Входит Ш е в ч е н к о.
Ш е в ч е н к о. Понимаешь, Вера, какая штука… Майор Балашов вел самолеты на посадку. Неуверенно. Чувствую, его нервозность передается летчикам. Пришлось сажать самому. Приземлились мои питомцы! Спрашиваю: «Страшно было?» — «Нет. Мы были спокойны. Знали, кто ведет нас на посадку». И вот тогда я подумал: хватит, старик, злиться на весь белый свет. Отлетал свое, обучил смену…
В е р а А н д р е е в н а. На покой?
Ш е в ч е н к о. Нет! На КП. Наводить летчиков на цель. Ведь они и тогда будут знать, что это я их веду.
В е р а А н д р е е в н а. А душа твоя все равно с ними. Значит, в полете.
Слышно, как хлопнула входная дверь. Входит Ю р и й. Он в куртке. Фуражку положил на стол. Чувствуется — он страшно устал. Не замечает стоящую в углу Лену. Сел. Наливает из графина воду в стакан.
Чай греется.
Ю р и й (покачал головой. Жадно пьет). До цели четыре километра. Иду на сближение. Вдруг он разворачивается, уходит. Включаю форсаж…
Ш е в ч е н к о. Догнал?
Ю р и й. С трудом. Все выжал от машины.
Ш е в ч е н к о. А садился? С какой мыслью?
Ю р и й. Боялся, вдруг прикажут катапультироваться. Разве можно угробить такую машину!
В е р а А н д р е е в н а. Почему не спрашиваешь, где Лена?
Юрий обернулся, встал. Вера Андреевна взяла Шевченко за руку, и они вышли в спальню.
Л е н а. Сними куртку. (Помогает ему снять куртку.) Ты очень устал. Садись. (Уносит куртку и возвращается.)
Ю р и й. Подъезжаю — одна мечта. Вдруг… увижу тебя в окне.

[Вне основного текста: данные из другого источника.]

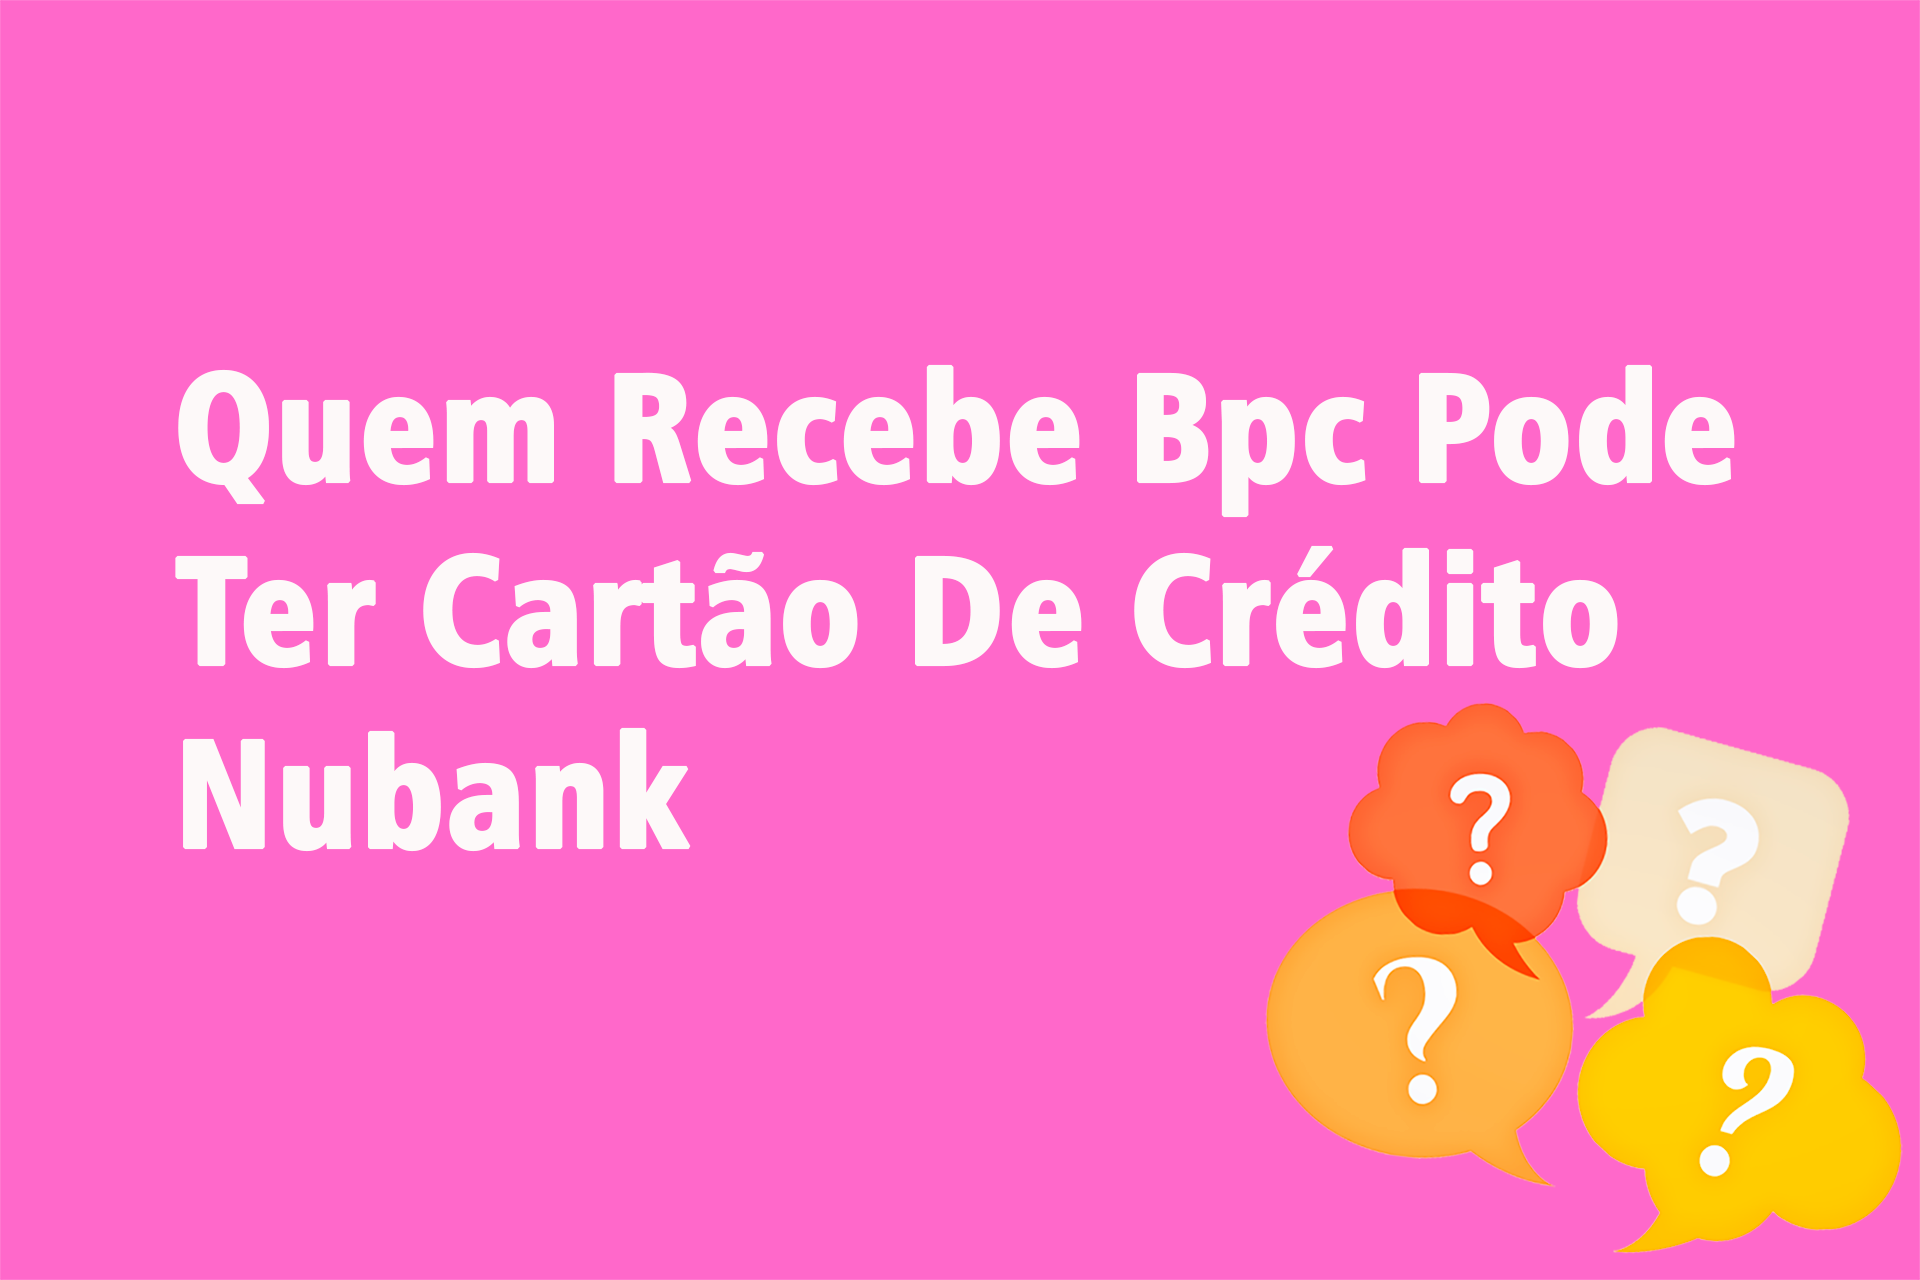 Quem Recebe Bpc Pode Ter Cartão De Crédito Nubank?

Л е н а. Я буду ставить будильник на полчаса раньше. И когда бы ты ни подъехал к дому, в нашем окне всегда будет гореть свет.
ОСТРОВОК В ОКЕАНЕ
ВЯЧЕСЛАВ РЫБАКОВ.
ГРИГОРИЙ ГОРЕЛОВ.
МАША.
Маленькая деревянная избушка, которую построили пограничники, чтобы пережидать в ней непогоду. В избушке Г о р е л о в и Р ы б а к о в. Горелов лежит на нарах. Возле него охотничье ружье. Рыбаков в форме офицера-пограничника. Стоит у двери. Внутри избушка освещается лунным светом, падающим из открытых дверей и окошечка.
Р ы б а к о в. Я пойду.
Г о р е л о в. Куда?
Р ы б а к о в. Проверю наряд.
Г о р е л о в. Не уходи, пожалуйста.
Р ы б а к о в. Оттуда свяжусь с заставой.
Г о р е л о в. Не хочу оставаться здесь! (Прислушивается.) Кто-то стонет… Слышишь?!
Р ы б а к о в. Да.
Г о р е л о в. Неужто медведь… жив еще?
Р ы б а к о в. Нет. Обрыв — двести метров.
Г о р е л о в. Кто же?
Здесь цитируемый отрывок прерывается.